(ABOUT THIS EXERCISE)
The material below holds the lines to copy: from the one with "Disaar Hair Care" up to and including the one with "45 トム・クルーズ 試聴済の画像2". Copy them exactly and skip the pictures.

(INPUT MATERIAL)

==========

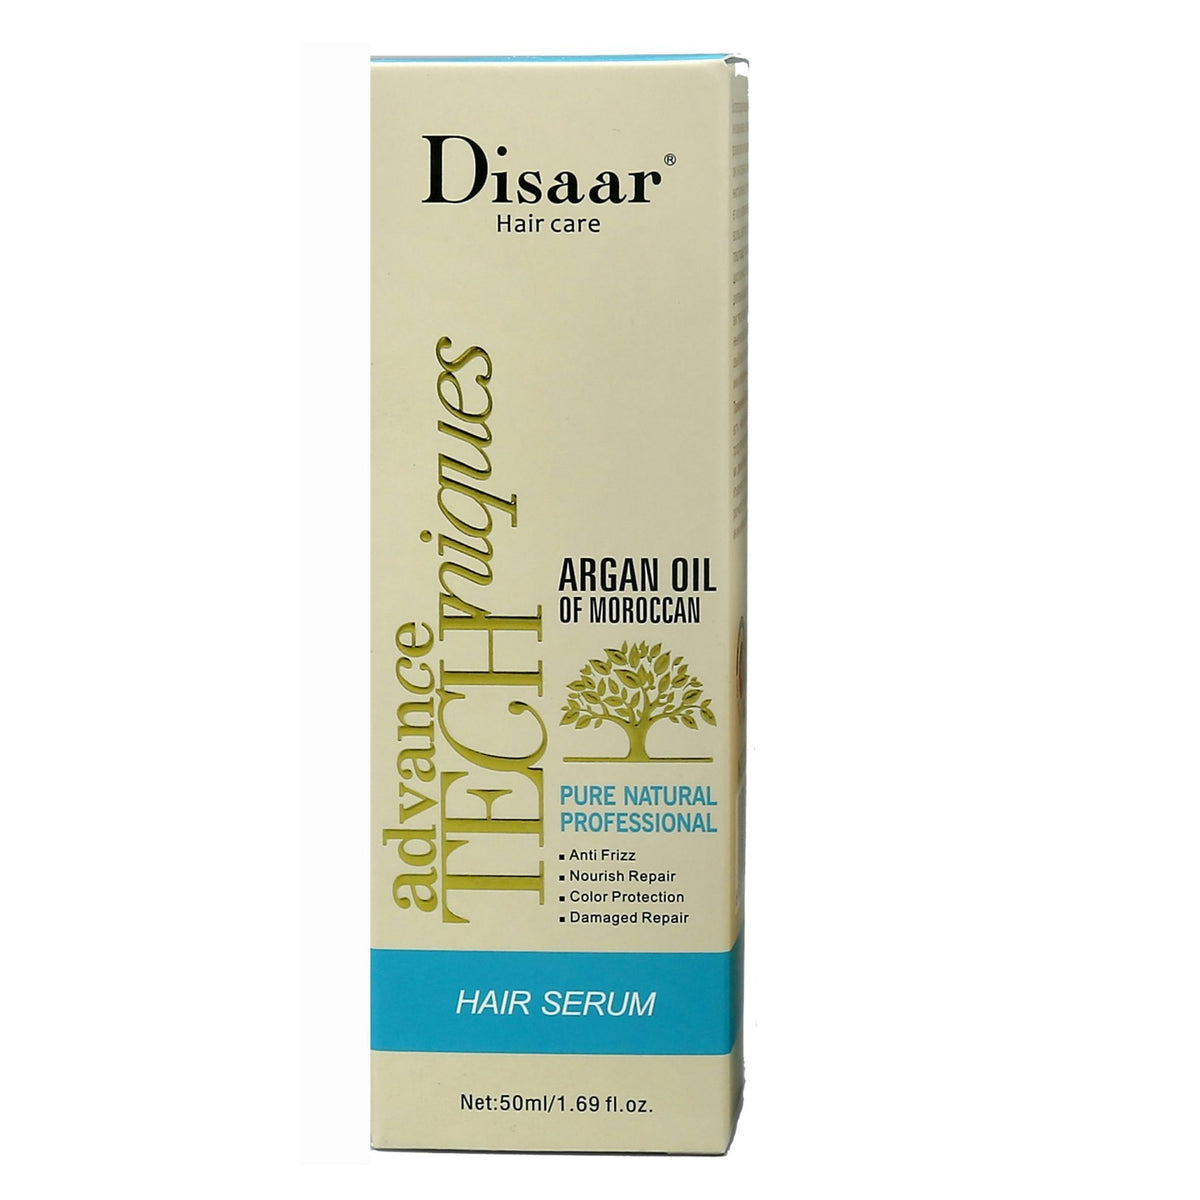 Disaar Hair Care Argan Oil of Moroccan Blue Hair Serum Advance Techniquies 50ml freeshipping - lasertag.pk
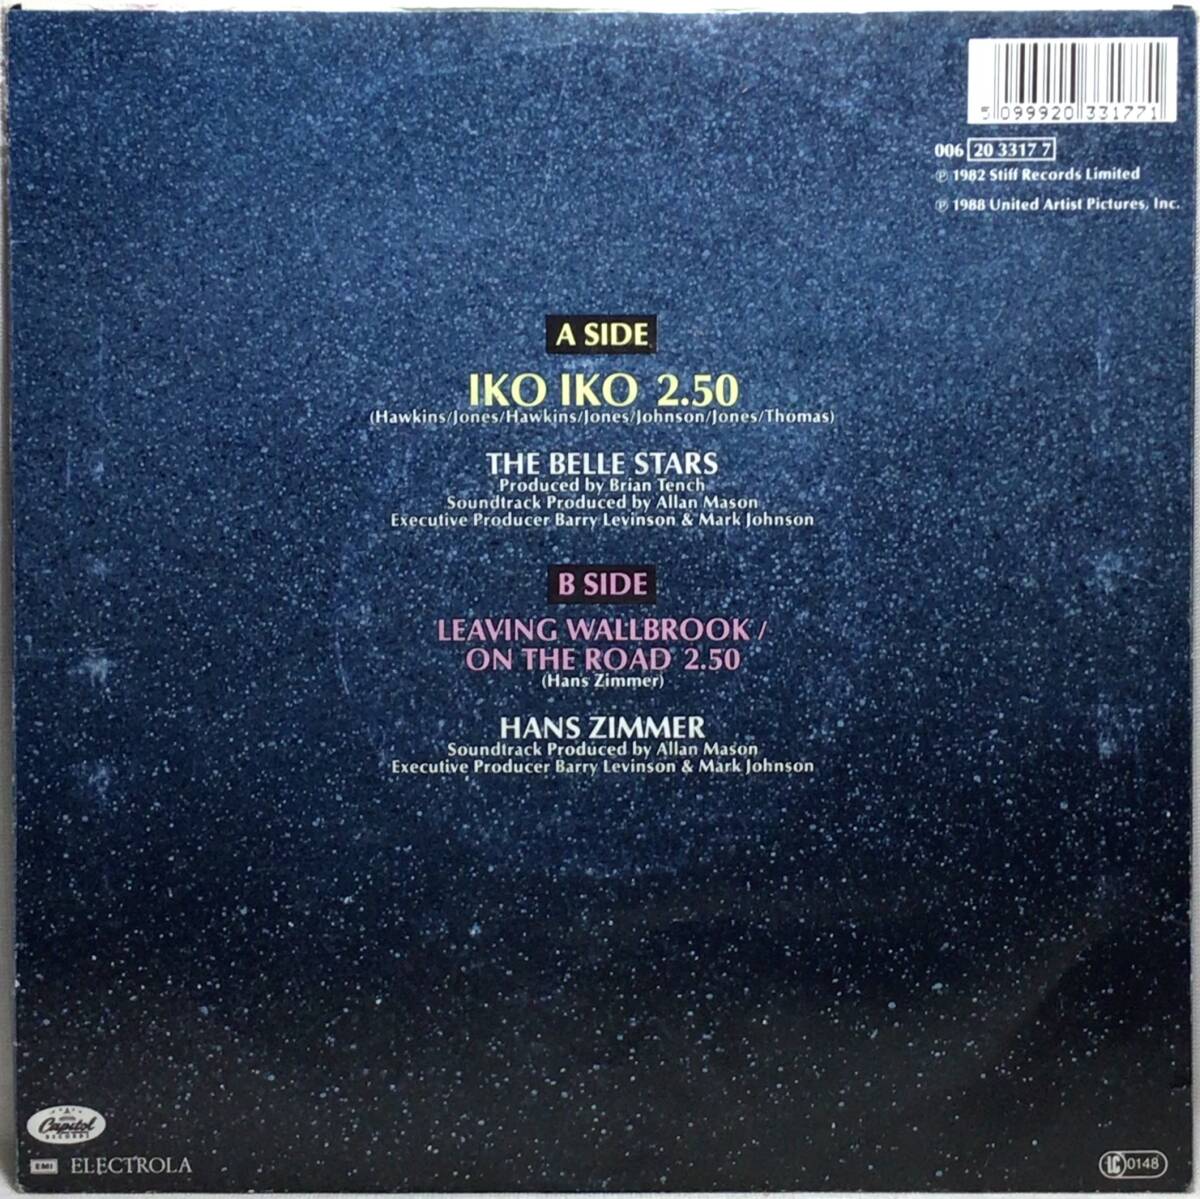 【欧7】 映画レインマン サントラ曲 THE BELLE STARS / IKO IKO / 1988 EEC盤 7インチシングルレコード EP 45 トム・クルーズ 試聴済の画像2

==========

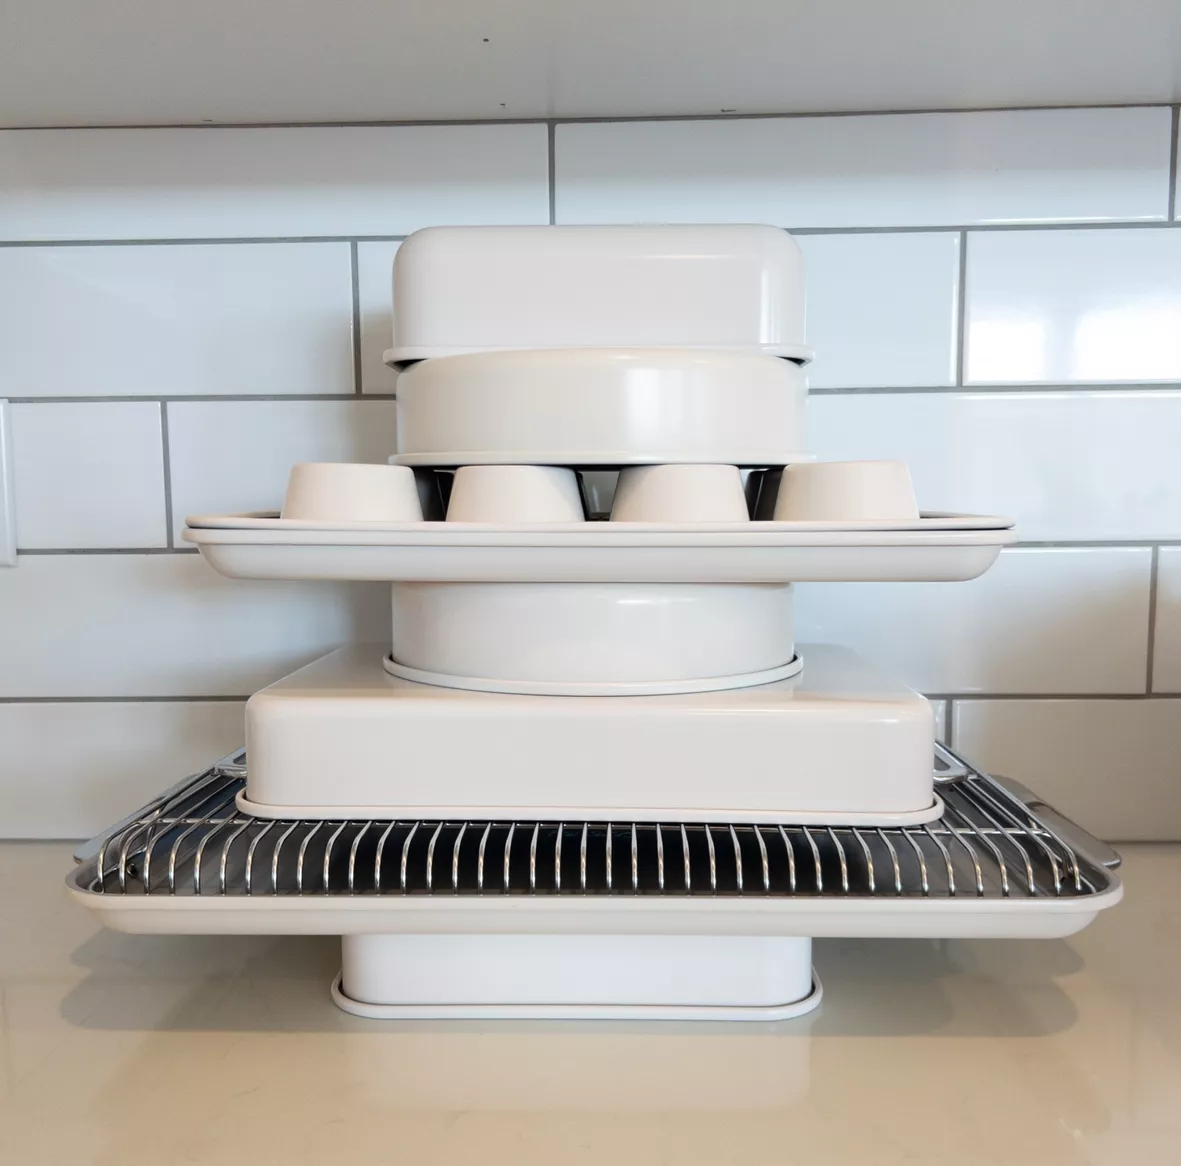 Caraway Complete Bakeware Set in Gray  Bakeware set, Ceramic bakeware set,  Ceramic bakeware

==========

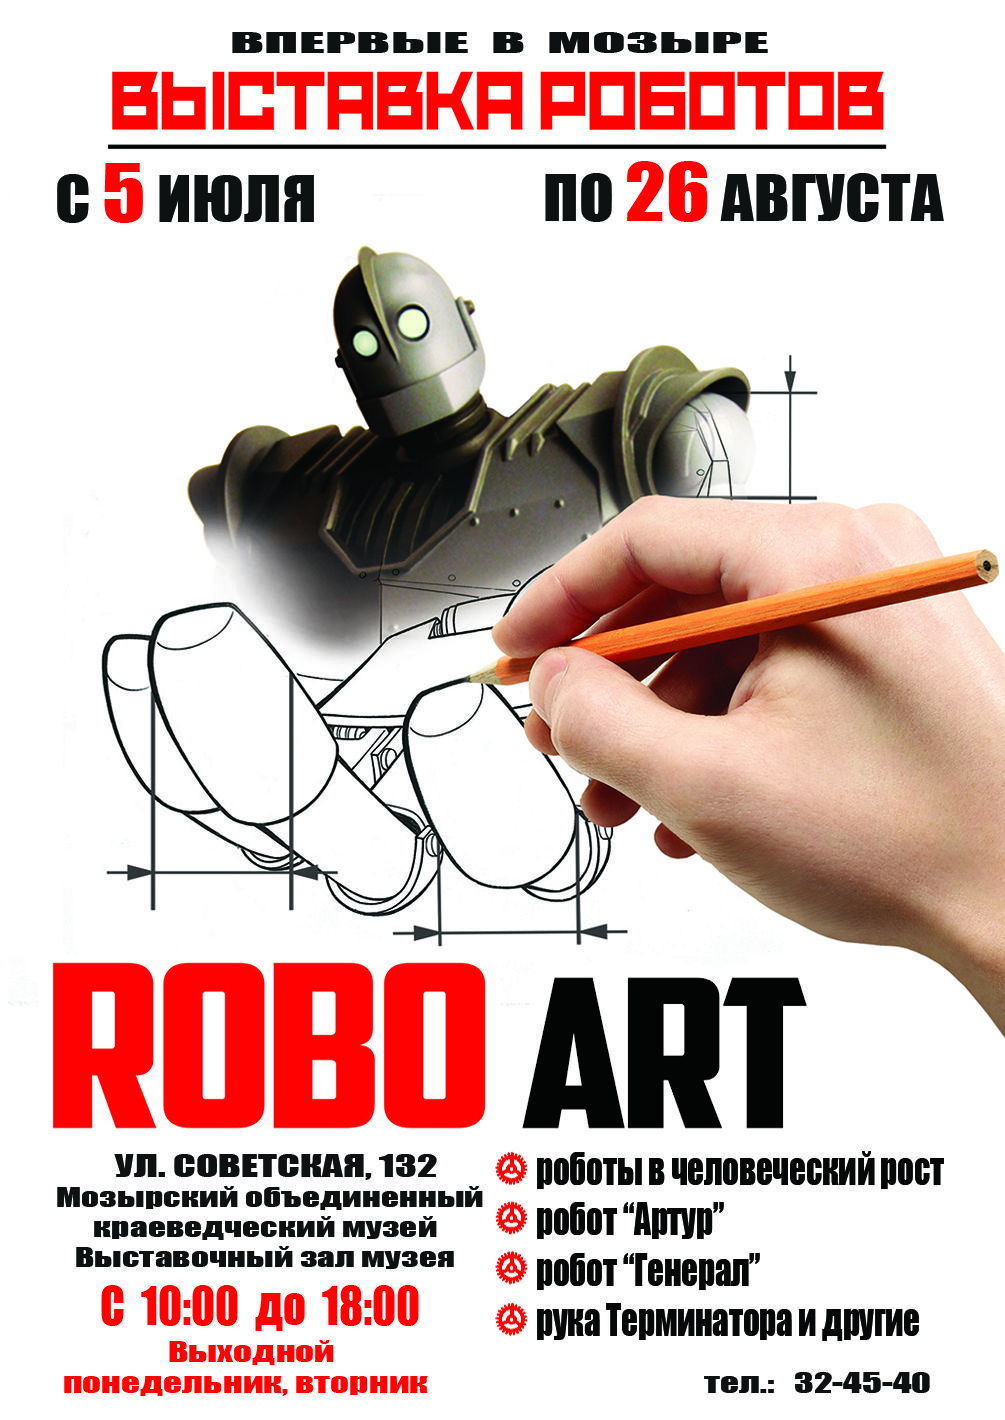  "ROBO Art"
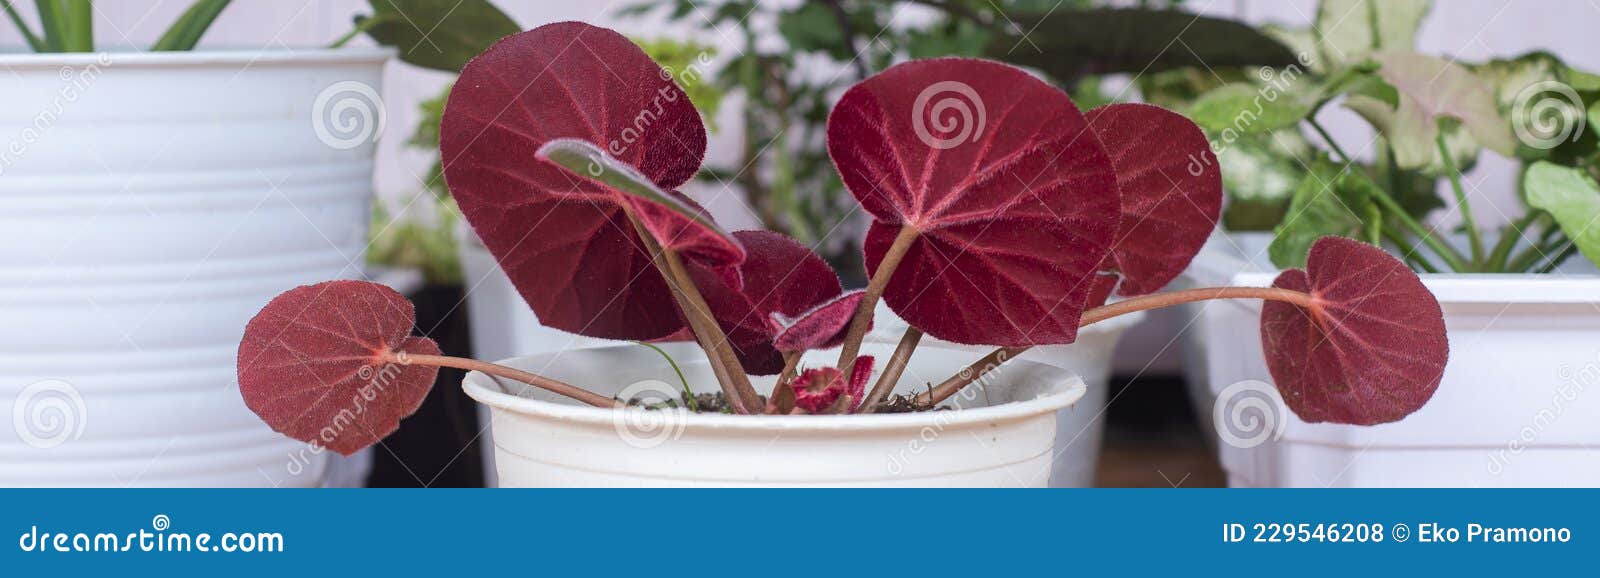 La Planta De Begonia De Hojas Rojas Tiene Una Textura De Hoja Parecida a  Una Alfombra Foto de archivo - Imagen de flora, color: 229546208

==========

(EXERCISE SOLUTION)
 Disaar Hair Care Argan Oil of Moroccan Blue Hair Serum Advance Techniquies 50ml freeshipping - lasertag.pk
 【欧7】 映画レインマン サントラ曲 THE BELLE STARS / IKO IKO / 1988 EEC盤 7インチシングルレコード EP 45 トム・クルーズ 試聴済の画像2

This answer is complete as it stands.